Извини, что ни разу не писал именно и лично тебе, по душам, как своему другу и однокашнику. Но это произошло не в силу моего свинского характера, а лишь потому, что я долгое время не принадлежал самому себе. Однако сейчас у меня достаточно и времени, и бумаги, чтобы написать тебе, старому негодяю. Ты только не пугайся сам и не пугай наших общих знакомых: я подхватил двустороннюю пневмонию и сейчас нахожусь в Ростовском военном госпитале, лежу один в роскошной и теплой трехместной палате. Чувствую себя как оглушенный чем-то тяжелым по голове или так, как себя чувствует, наверное, сбежавший преступник, - к свободе я оказался не готов. Впервые со времени службы мне не нужно вставать в 6 утра и проходить весь неизбывный трехсотлетний утренний ритуал русской армии, через который проходили все наши предки, - стремительная уборка постели, лихорадочное одевание, символическое умывание с последующим построением перед частью, зарядка, завтрак и поверка. Мне впервые не нужно куда-то спешить, не нужно постоянно находиться в коллективе. Нигде, нигде я - как солдат - не мог остаться наедине со своими мыслями, чувствами, наедине с самим собой. Сейчас у меня предостаточно и мыслей, и времени, и пищи для ума.
Я считаю, что то обстоятельство, что мне - человеку с университетским образованием - приходится служить в армии рядовым солдатом, по сути, является для меня очистительным дождем, который смоет с меня всю прошлую разгульную муть беззаботных «гражданских» и студенческих лет. Слишком сладко я тогда ел и слишком крепко и спокойно, думается мне, спал. Комфорт, окружавший меня до этого, воспринимался мной как нечто само-собой разумеющееся. Отношения с людьми, с миром, с самим собой были слишком поверхностны.
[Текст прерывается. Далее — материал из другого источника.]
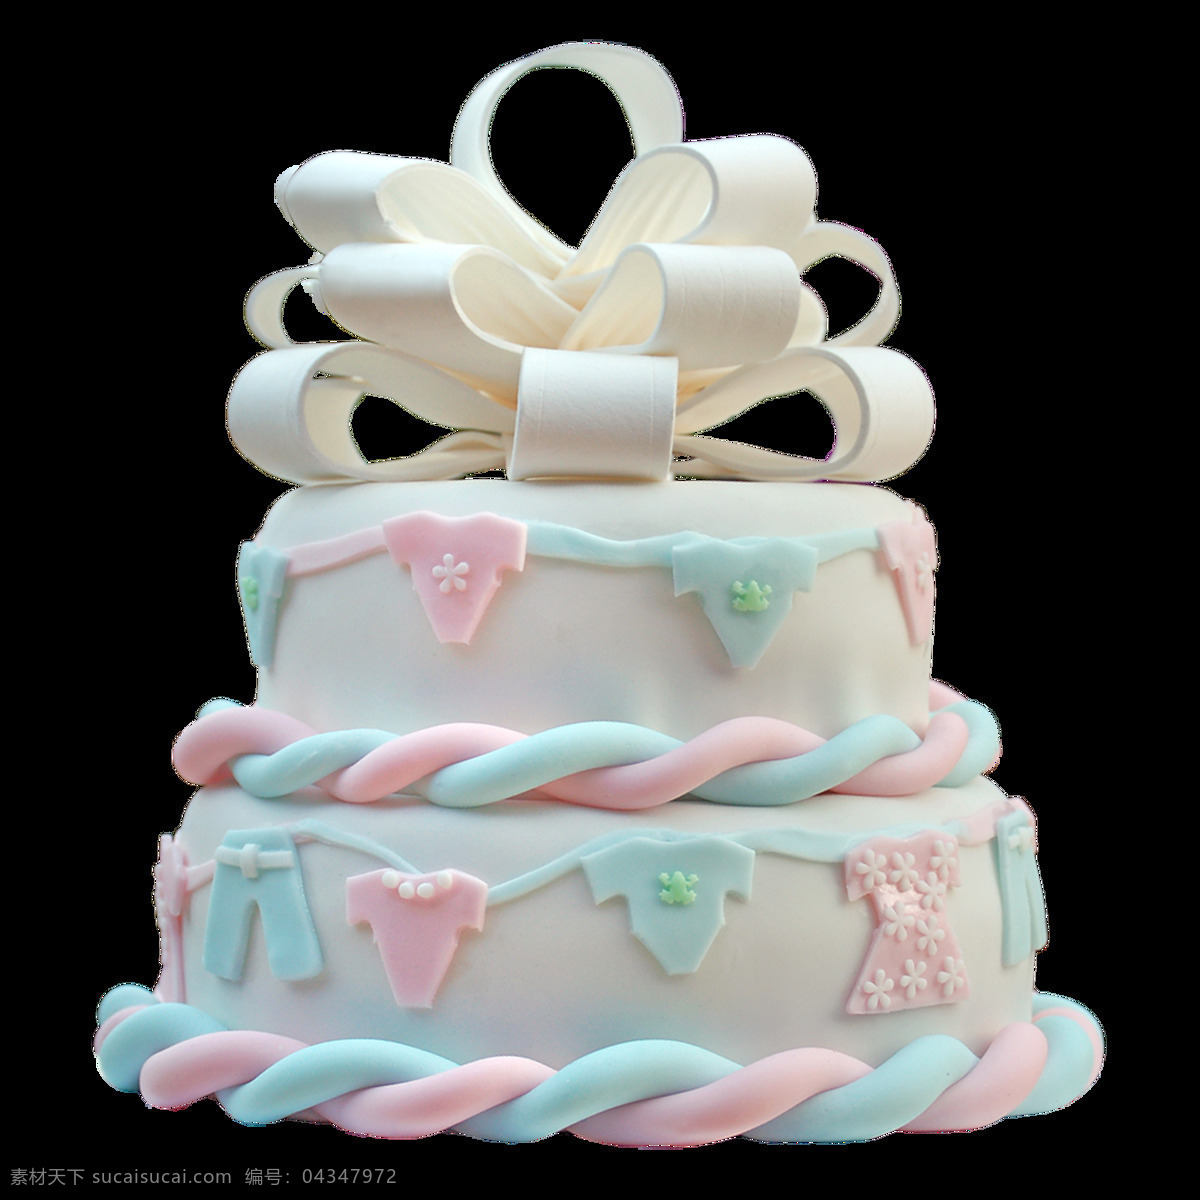 双层 彩色 蛋糕 免 抠 透明 图 层 世界 上 最 漂亮 创意 生日蛋糕 大全 女神生日蛋糕 蛋糕图片 生日蛋糕图片 糕点图片 婚礼蛋糕 巧克力蛋糕 水果蛋糕 奶油蛋糕

Они не проходили через горнило испытаний, смертельного напряжения и страха за свою жизнь. Через Сциллу труда и Харибду самостоятельного принятия серьезных решений. Сейчас я понимаю, что все окружавшее меня в моей жизни было искусственным, лицемерным и бесплодным. Я как дитя асфальта впитал в себя все городские пороки - ведь даже добродетели города являются на поверку теми же пороками, просто к ним уже привыкли и их уже не осуждают, - манерное ломание своей неспособностью к физическому труду, неправомерное и незаслуженное чувство собственного превосходства, самолюбование своими чистыми руками и самоуверенную спесь молодого повесы перед советами старшего поколения. Через все это я когда-то пророс, и все это еще несу в себе - не так отчетливо, как раньше, а скорее как семена будущего урожая, который обещает взойти сразу, как только изменятся обстоятельства моей жизни, - но все же еще несу, и я это отчетливо и хладнокровно понимаю.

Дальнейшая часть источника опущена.